Swati Avasthi, a Hindu writer who spoke at the Festival of Faith and Writing, said that in order to disrupt this single story notion, we need to make it more complex. We need to explore the wider narratives and understand things more fully.

Two great examples are Boxers & Saints by Gene Luen Yang and Bamboo People by Mitali Perkins. Both stories explore deeply divided issues—the Boxer rebellion in 1900 China and persecuted refugees in Burma today, respectively—from two conflicting perspectives. The result is a more deeply nuanced narrative. It’s not a simple, one-sided story.

I think we need to pursue those multiple narratives, the more complicated threads that start to give us fuller picture, a more honest glimpse of the truth.

Don’t be content with a token bit of diversity. Don’t assume one story about Nigeria will tell you all you need to know. Don’t be so jaded as to think a single refugee story gives you insight into the experience of all refugees.

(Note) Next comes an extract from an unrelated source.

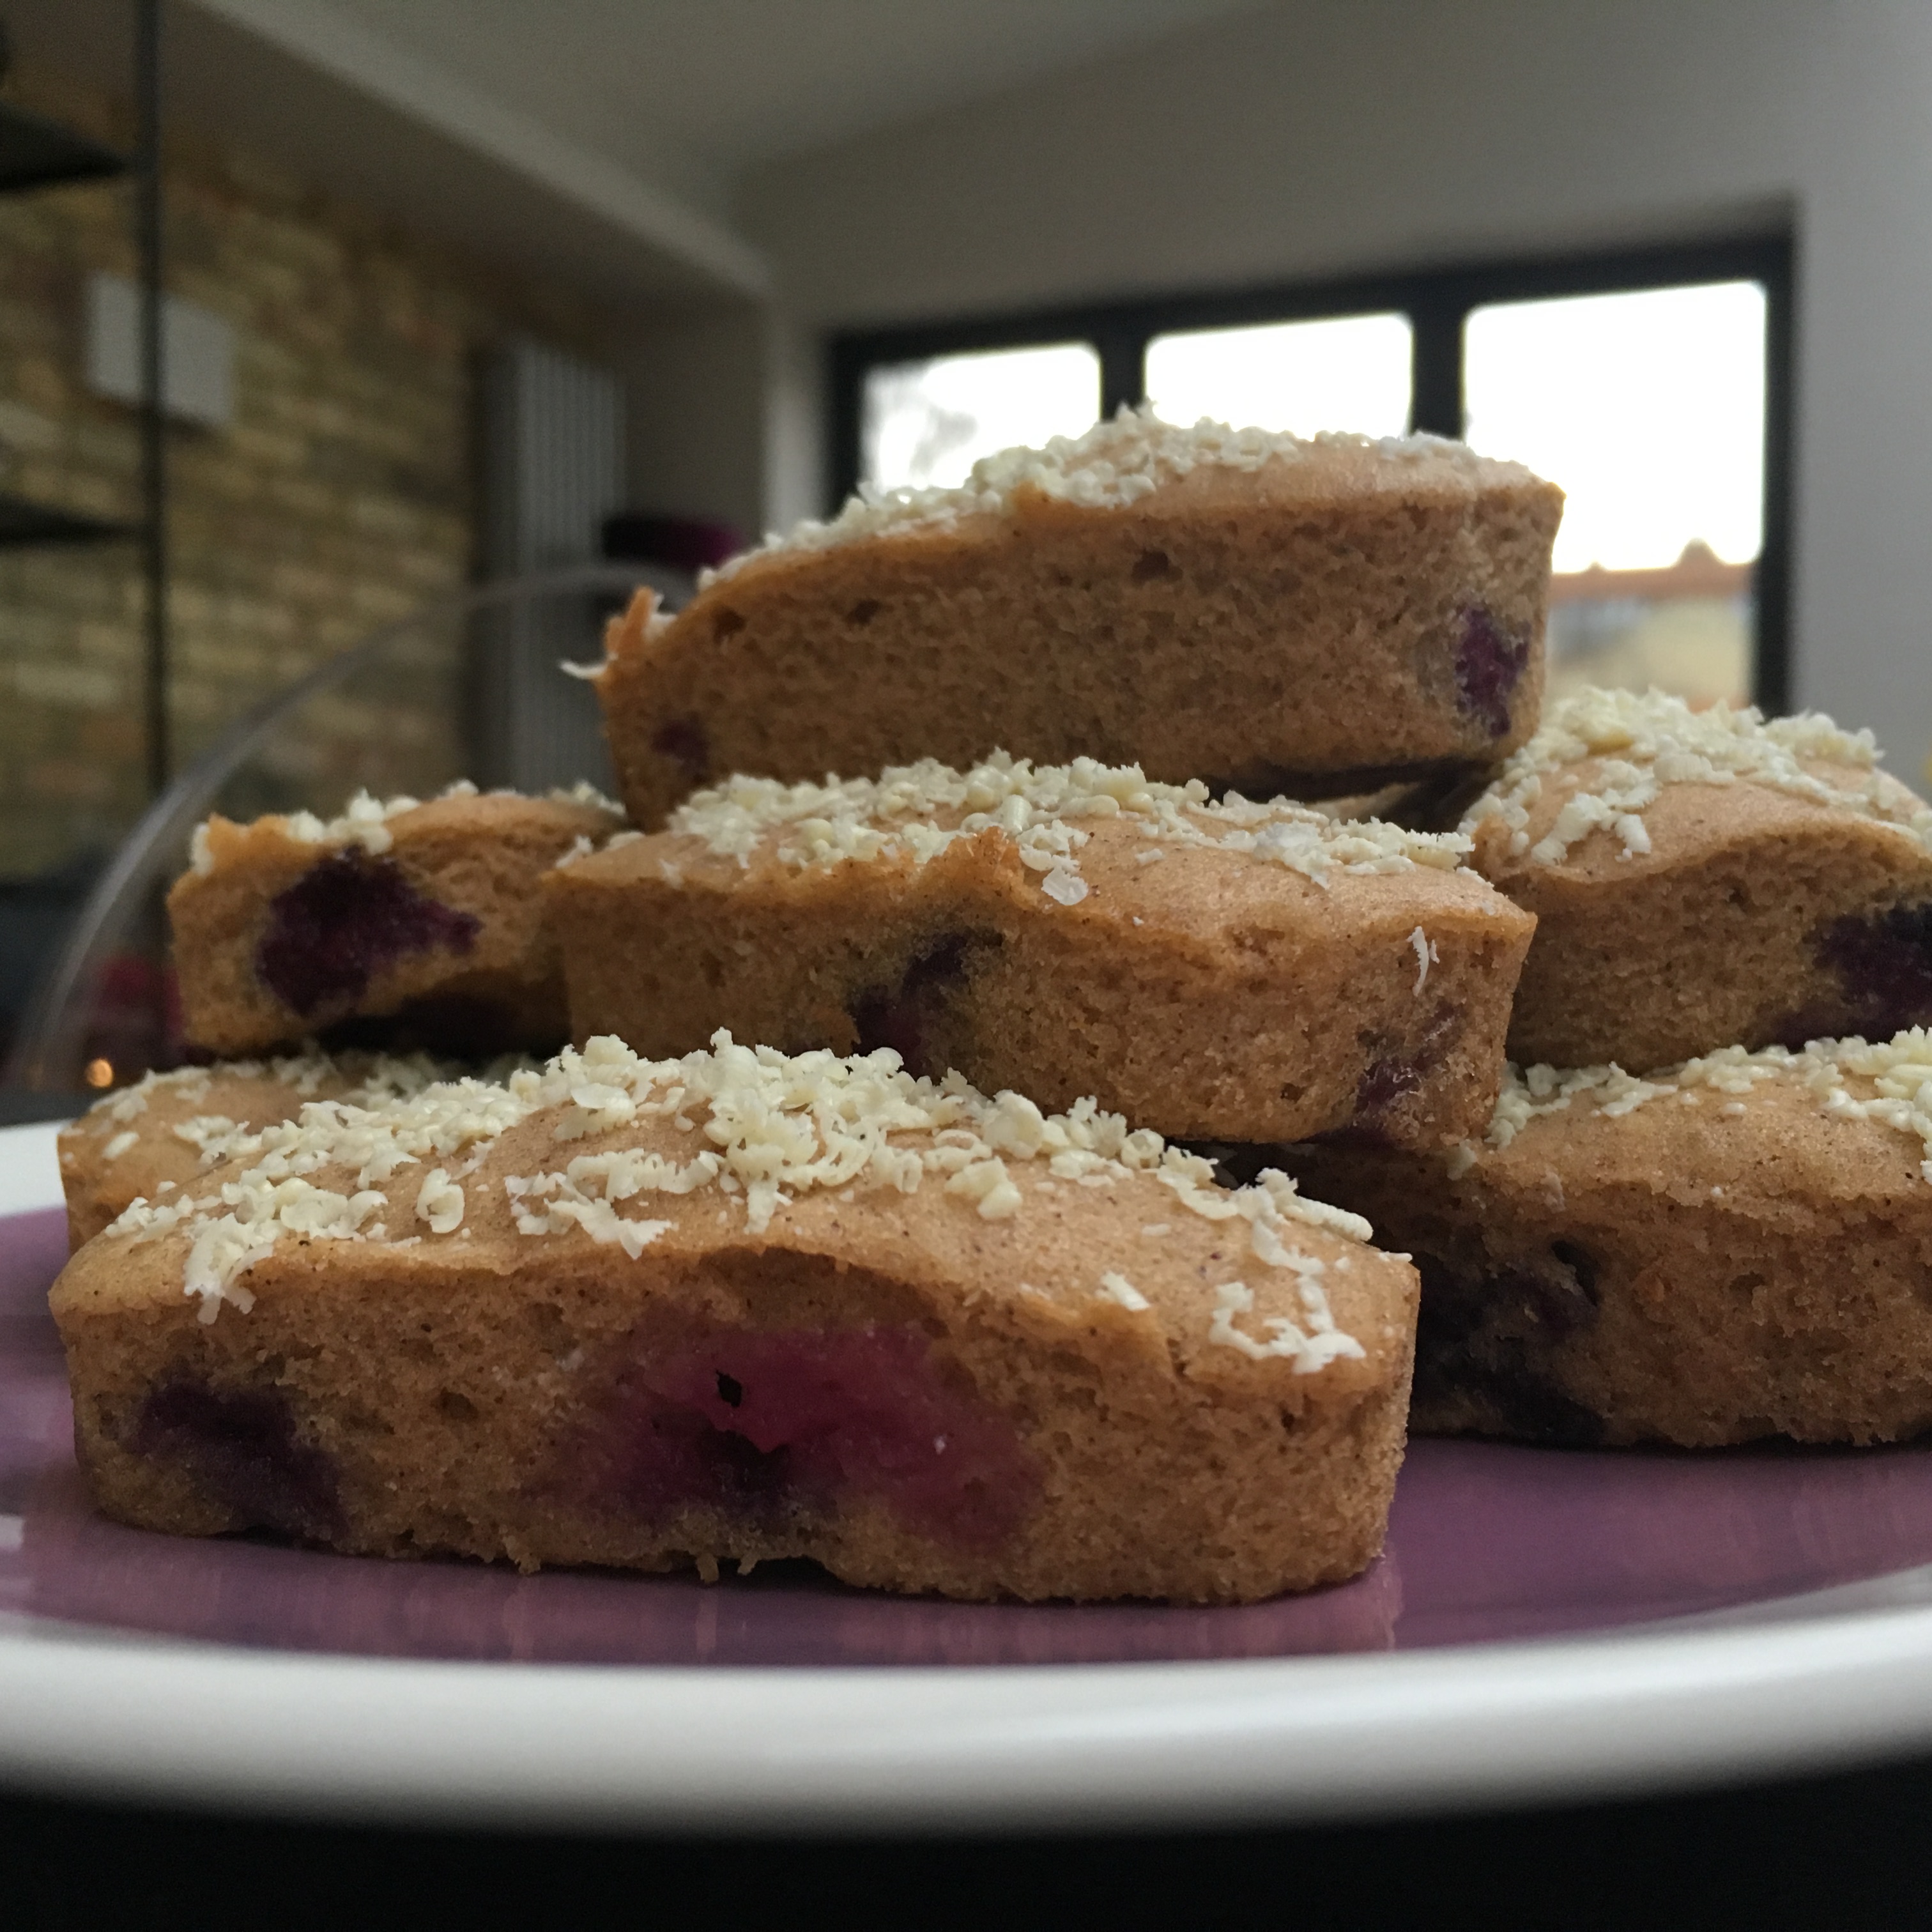 Cinnamon and blueberry cakes

“Let’s tell stories that humanize, rather than demonize,” said Eliza Griswold, who has done a lot of work in Afghanistan and seen firsthand the result of our single narrative. She disrupts that narrative herself with this book of poetry by Afghan women.

Diverse Recommendations: Baby Baby

Last week I talked about sharing diverse pop culture recommendations. So let’s do it.

I mentioned that my favorite music genres of alt-rock and punk are pretty homogenous. But a little searching can find some gems.

One great find is the Atlanta party band Baby Baby. They’re kind of the epitome of a trash can punk band, on the ragged end of being sheer noise until suddenly the melodies and hooks turn it into fist-pumping music. I’m no music reviewer, but they remind me a bit of early Beastie Boys:

“Fire!” is from a couple years ago, but it’s probably my favorite. Their new album, Big Boy Baller Club, is pretty fun too.